Me, Myself and I Flashcards
what does a double mean in stats
describes a continuous variable
what is a histogram
an accurate representation of the distribution of numerical data
what is the median
the middle value - the 50% value
what is the mean
the average - the sum of the collection of numbers divided by the number of numbers
what is the mode
the value that occurs most frequently in a set of data
what is the first quartile
middle number between the smallest number and the median of the data set. - the 25% value
what is the second quartile
the median value
what is the third quartile
middle number between the median and the maximum value - the 75% value
what is a population
all members of a defined group
what is a sample
a small subset of the population
what is a point estimate
the best estimate we have - more accurate with a larger subset or a subset closer to the total population - the sample average
give an example of a 2 sided hypothesis
there is a 1:1 ratio of males and females
give an example of a 1 sided hypothesis
there are more females than males
what is a one sided hypothesis
A one-sided hypothesis claims that a parameter is either larger or smaller than the value given by the null hypothesis.

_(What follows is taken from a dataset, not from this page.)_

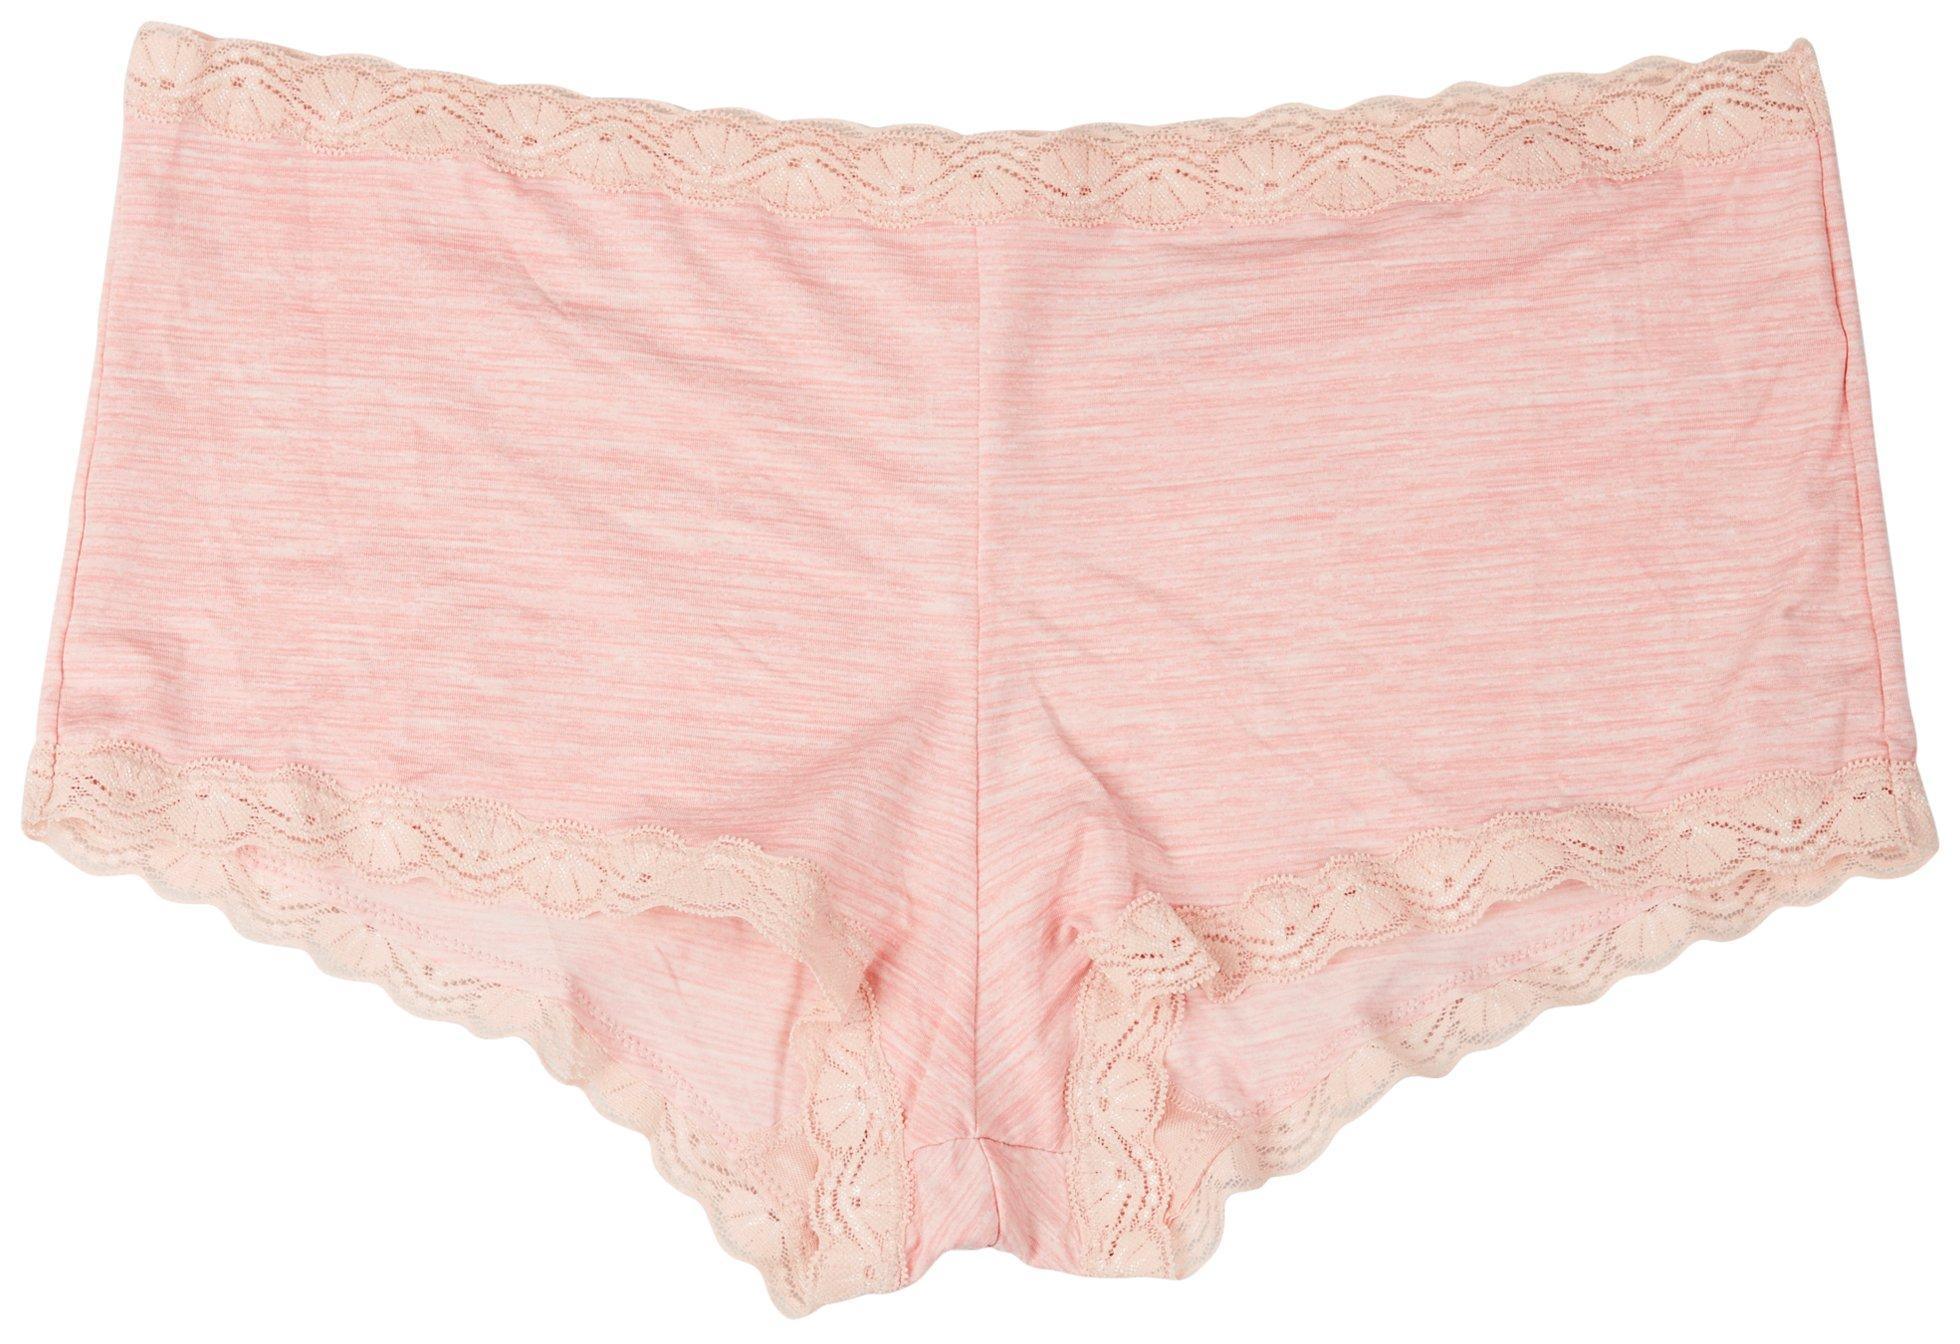 Hanes 6-pk. Ultimate Breathable Cotton Bikini Panties

what is a two sided hypothesis
A two-sided hypothesis claims that a parameter is simply not equal to the value given by the null hypothesis – the direction does not matter.
what is chi squared
where the number of observations in each class are compared to those expected under the null hypothesis
what does a very small p value indicate
either that the null hypothesis is incorrect or that there is some sort of bias in the sample - we are inclined to believe that our data diverge from the null hypothesis (an alternative hypothesis may explain our data)
what is the p value
the probability that we would have observed a given deviation if the null hypothesis were correct
what are type one errors
false positives i.e. p = 0.049
what are type two errors
false negative i.e. p = 0.051
describe the different parts of a box plot
middle box - the median
lower box - lower quartile
upper box - upper quartile
whiskers - 1.5x the interquartile range or the max and min values
dots out with the whiskers - the max and min values
what is an incidental finding
an observation made in the data that we were not intending to find
what is a t test
determines if the mean of one group is statistically different to the mean of another group
what is the null hypothesis
default expectation that there is not connection between variables (or that there is no difference between them)
what is the 95% confidence interval
A 95% confidence interval has a 0.95 probability of containing the population mean. 95% of the population distribution is contained in the confidence interval.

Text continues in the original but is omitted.